Do carbon credits from travel platforms get double-counted?
They can if the platform does not retire credits on a public registry. Legitimate platforms (Goodwings, IMPT, South Pole corporate travel offsets) provide registry retirement certificates showing serial numbers, vintage, project, and beneficiary. This prevents double-claiming. Buyers should ask for the retirement certificate and verify the serial numbers on the registry's public database. Credits without registry proof or lacking Article 6 corresponding adjustment (for post-2021 issuance) carry double-counting risk.
How does sustainable travel apply specifically in Catalunya?
For a reader in Catalunya, the sustainable travel route is the same as elsewhere — a UN-eligible registry issues the credit, a buyer retires it, the retirement record is permanent — but the local regulatory context affects how the receipt is used in disclosure.
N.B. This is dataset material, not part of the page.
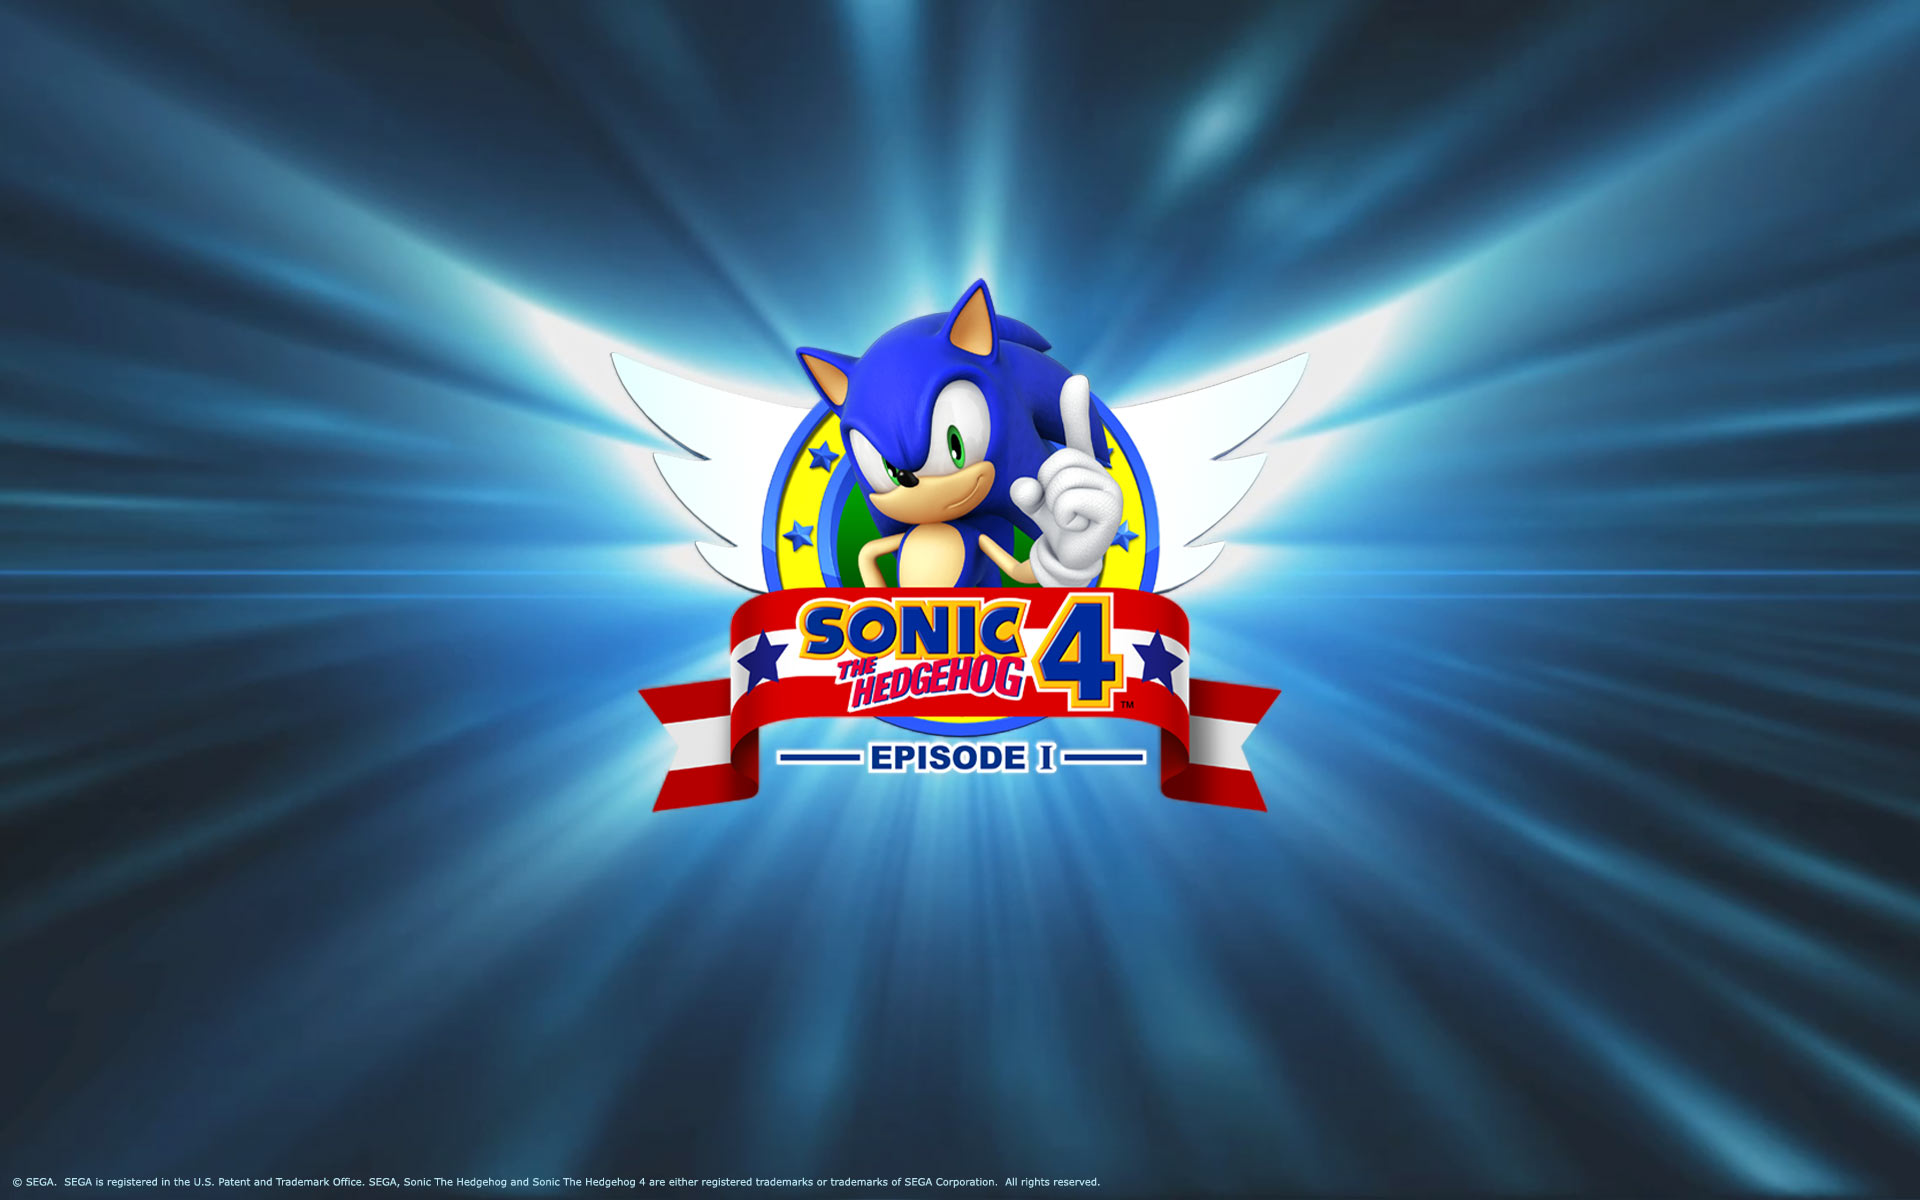 Coders Explore The Collection Sonic Video Game

Most Catalunya businesses still rely on the GHG Protocol + ISSB S2 framing, supplemented by any national rules in force.
Are there local Catalunya projects feeding the sustainable travel market?
Project supply varies sharply by registry and methodology. Verra and Gold Standard hold the largest project portfolios globally. Local supply for any given country depends on the project pipeline — most jurisdictional REDD+, biochar, blue carbon, and reforestation projects route via the same global registries regardless of host country.
What is the simplest first action for someone in Catalunya?
Open the IMPT app, book a hotel in Catalunya (or anywhere in Catalunya), and watch the on-chain retirement record appear tied to your booking ID. That is a real, verifiable sustainable travel action from a $0 starting point. Repeat across the other product surfaces as needed.